● **What you need to do**: Locate the line that contains "Trinity pot holder black suede 28x28" in the data that follows. Copy it and every subsequent line to the end, exactly, excluding pictures.
(Data section Opens)
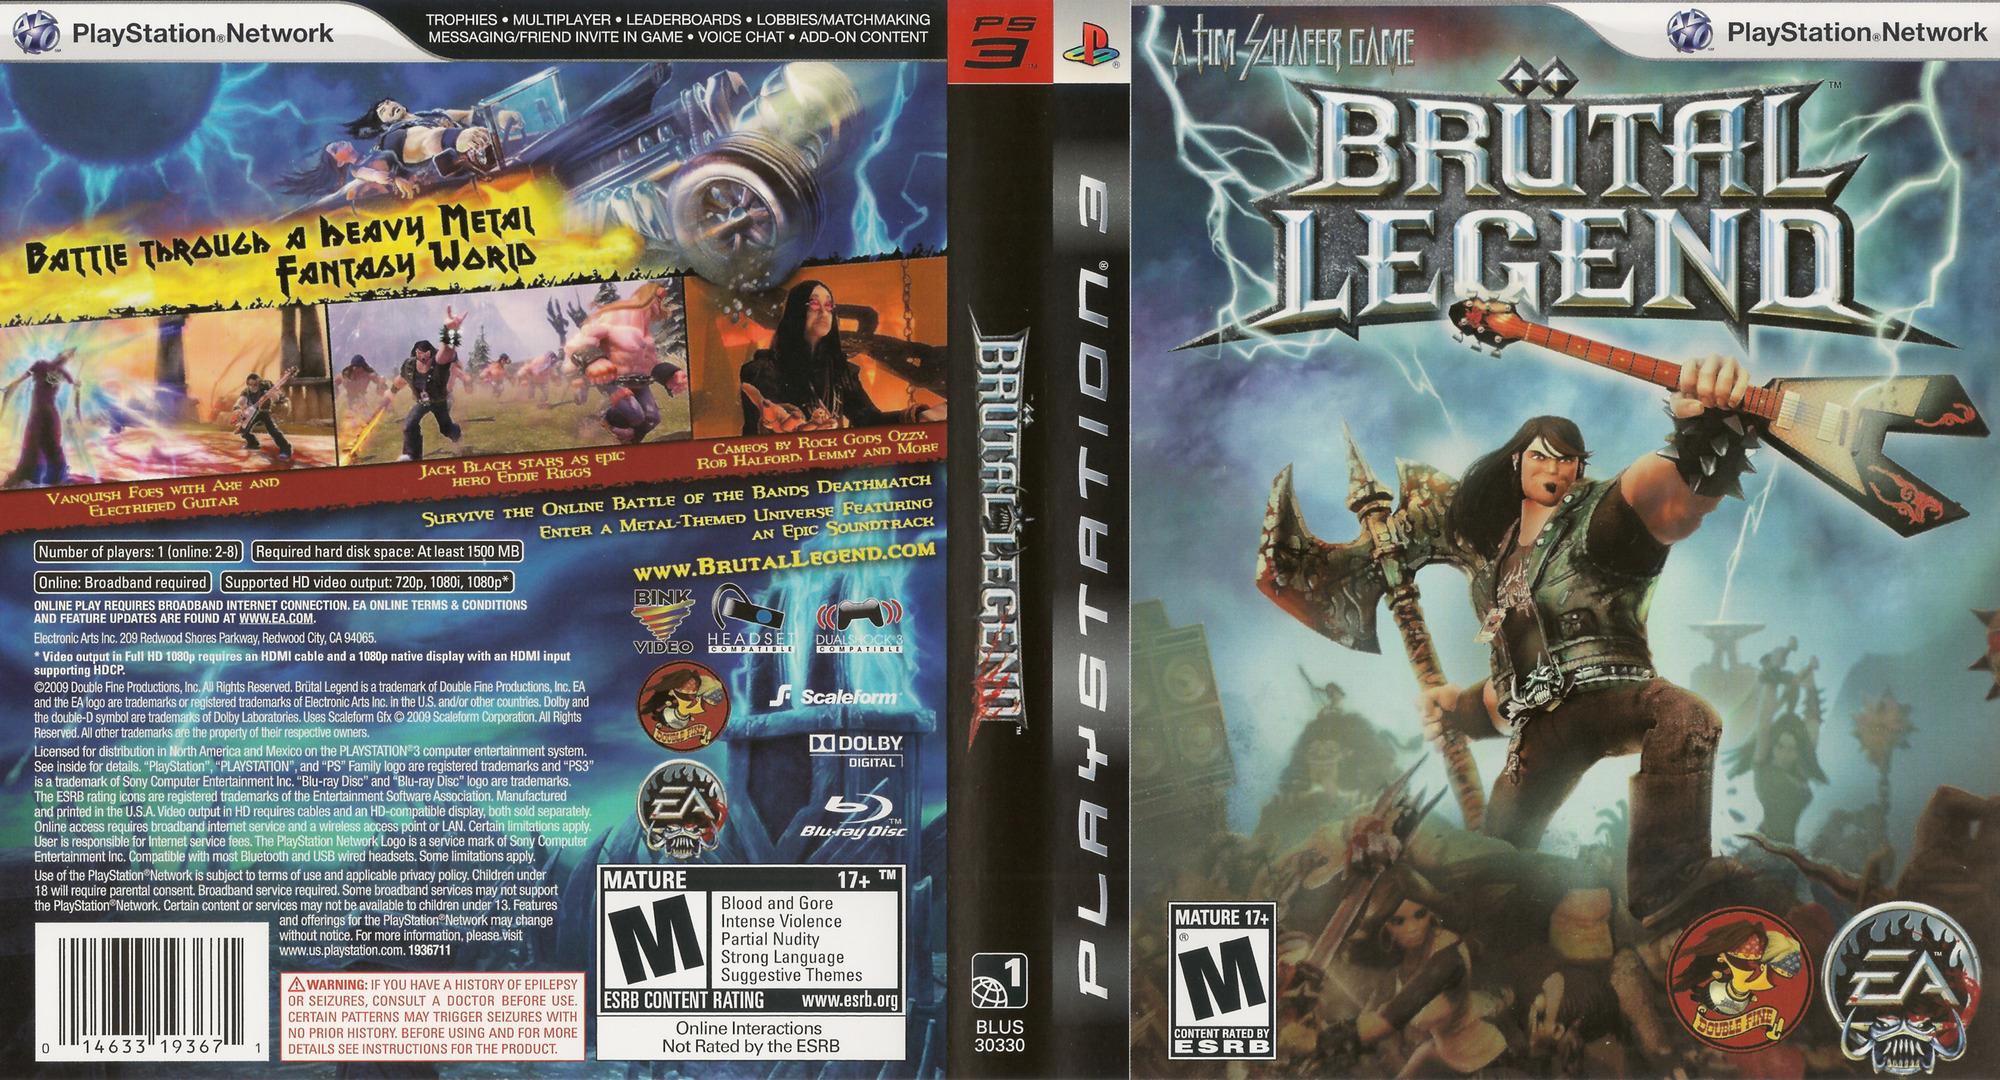 Brutal Legend PS3 coverfullHQ (BLUS30330)
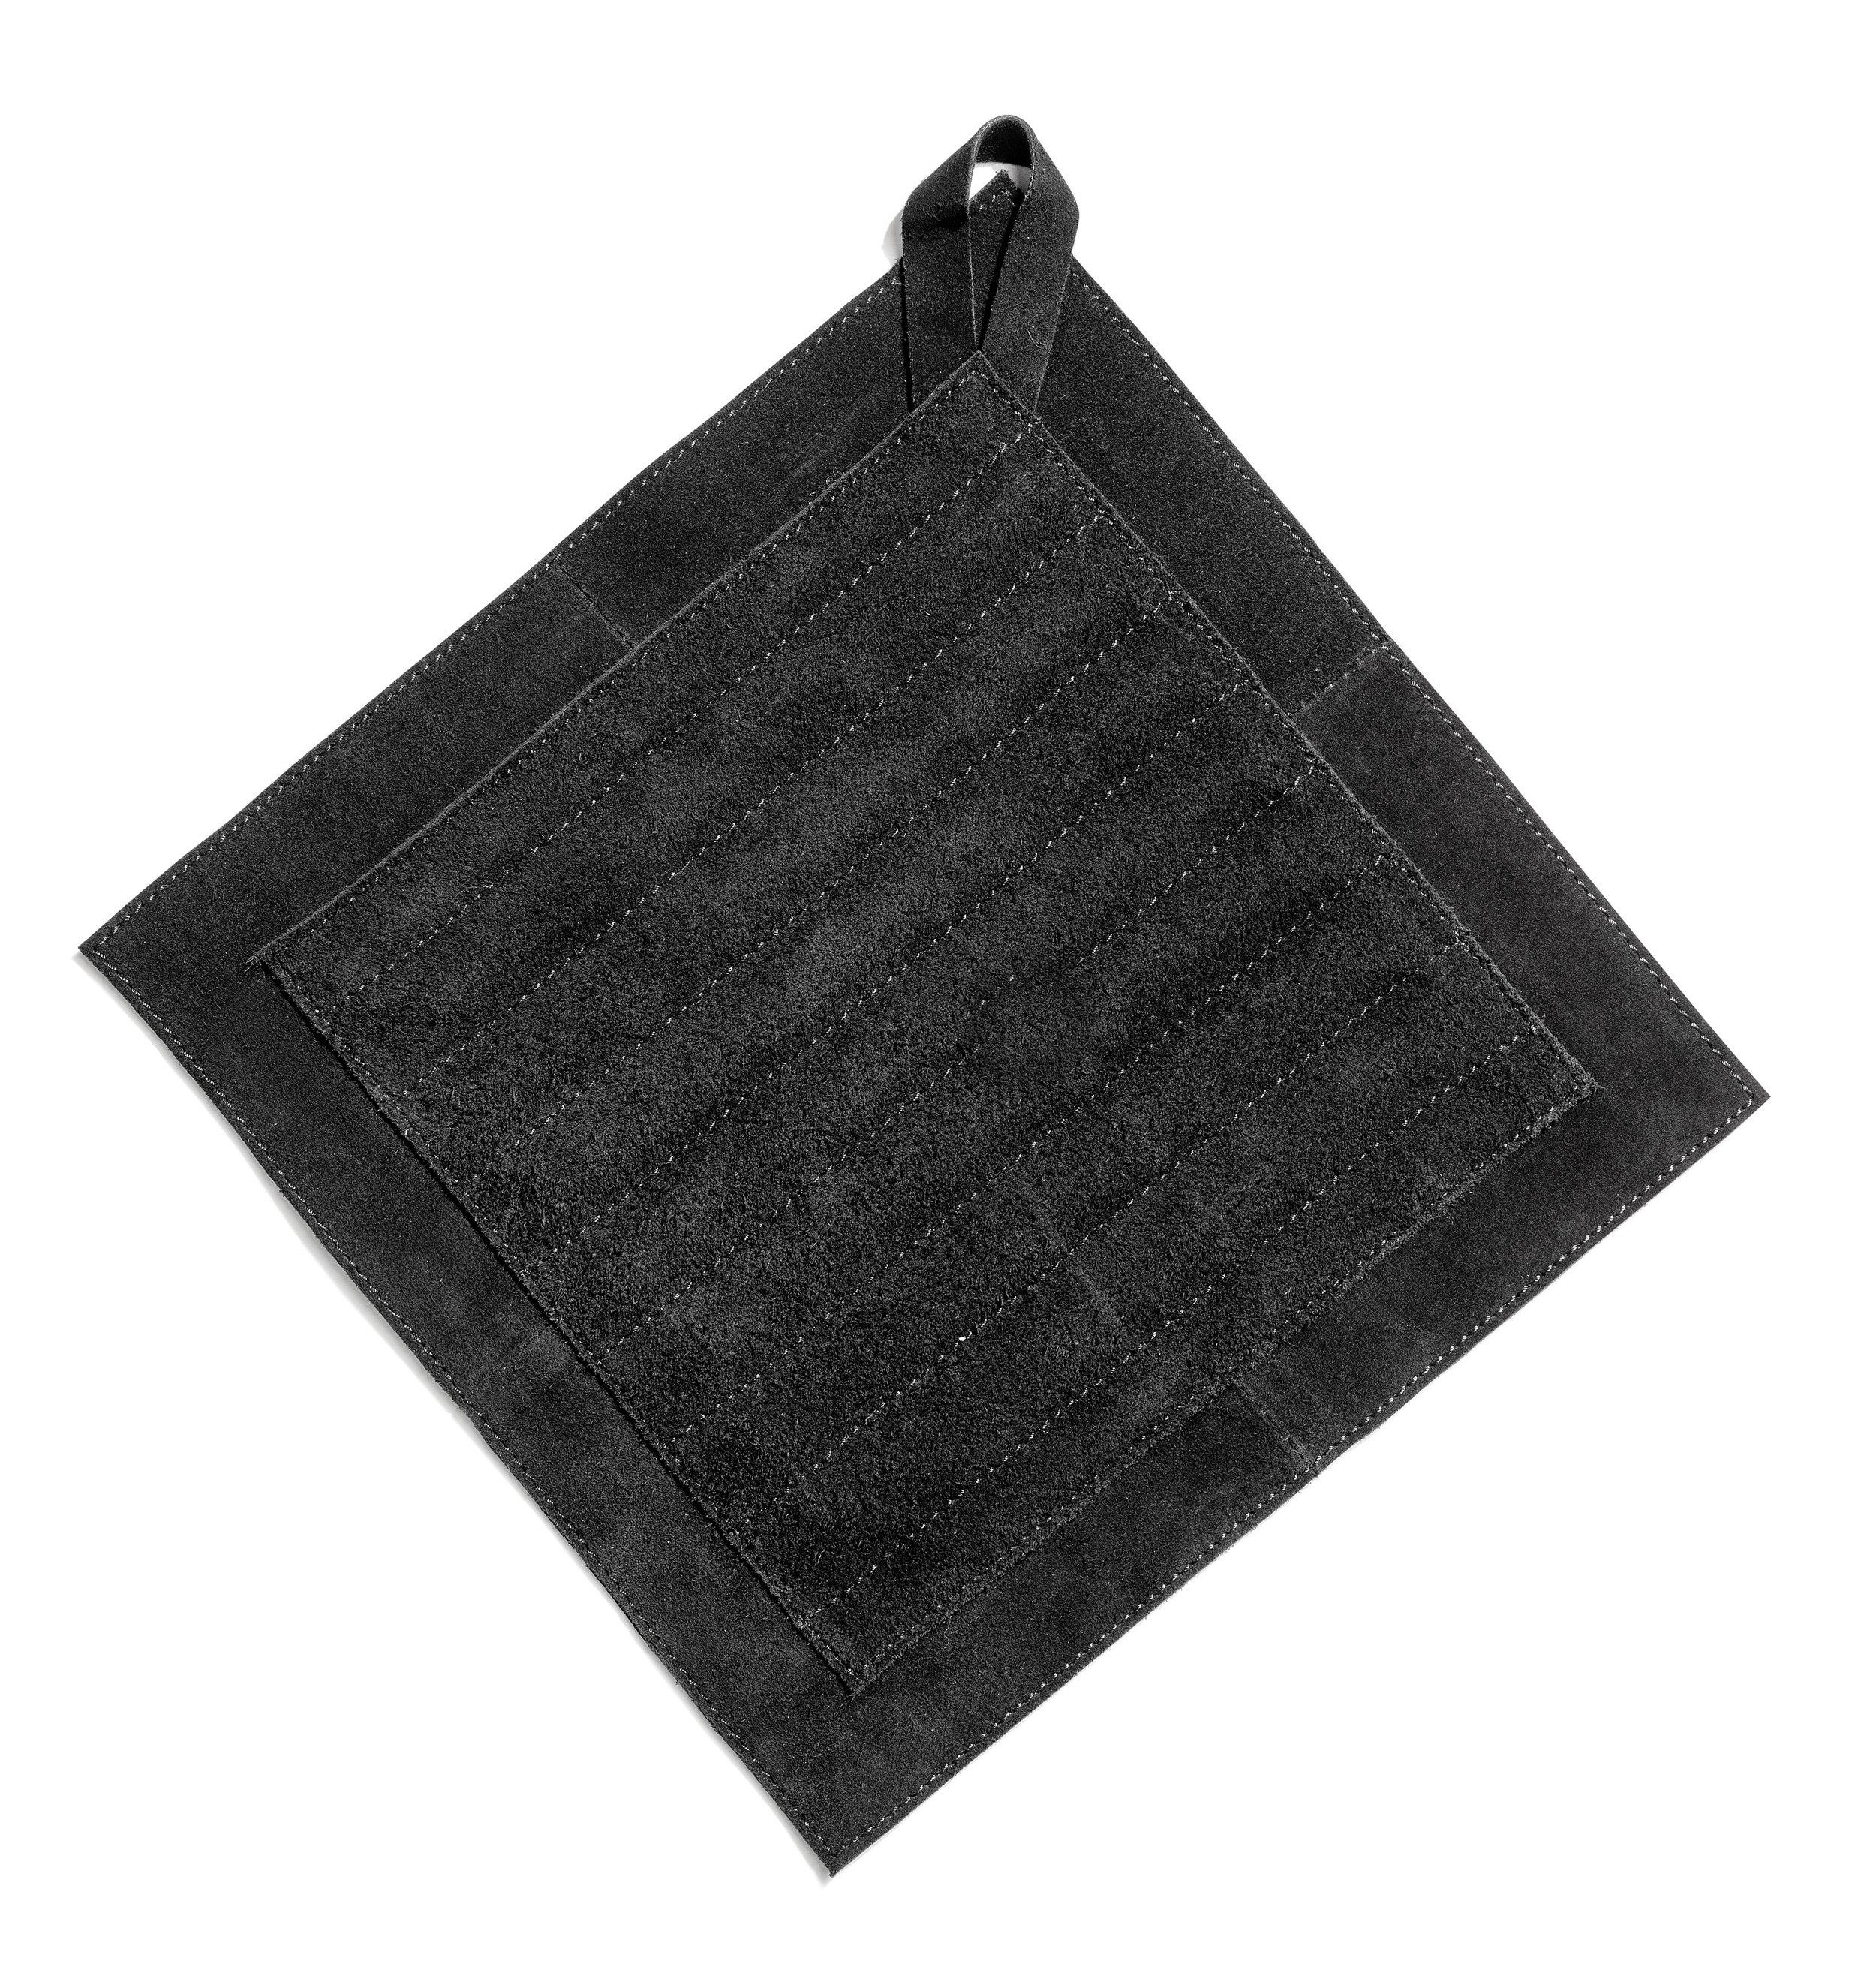 Trinity pot holder black suede 28x28
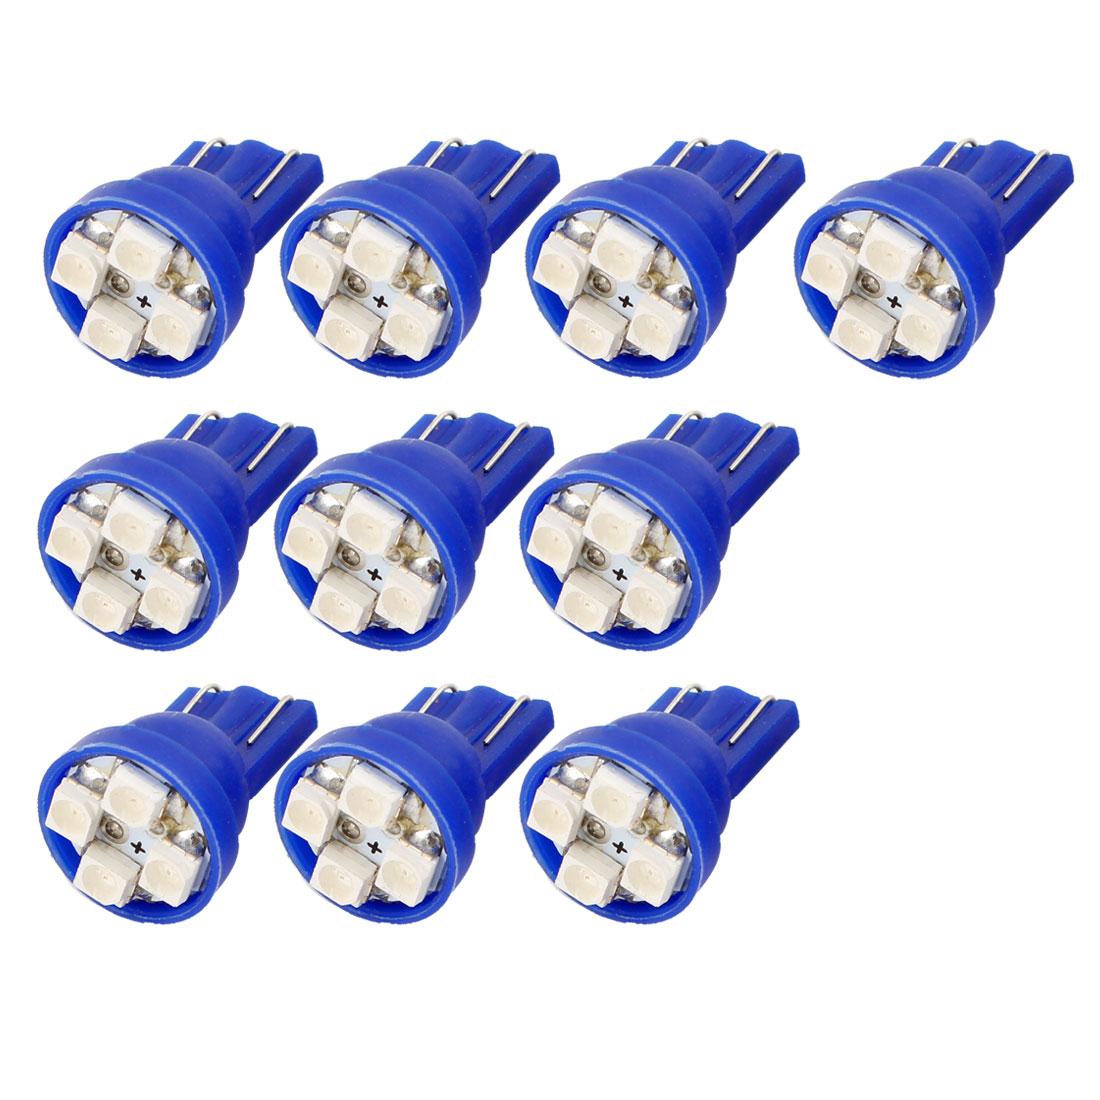 Unique Bargains Blue T10 194 192 W5W 1210 SMD 4 LEDs Bulbs Interior Side Wedge Light 10PCS
(Data section Closes)
● **Exercise answer**:
 Trinity pot holder black suede 28x28
 Unique Bargains Blue T10 194 192 W5W 1210 SMD 4 LEDs Bulbs Interior Side Wedge Light 10PCS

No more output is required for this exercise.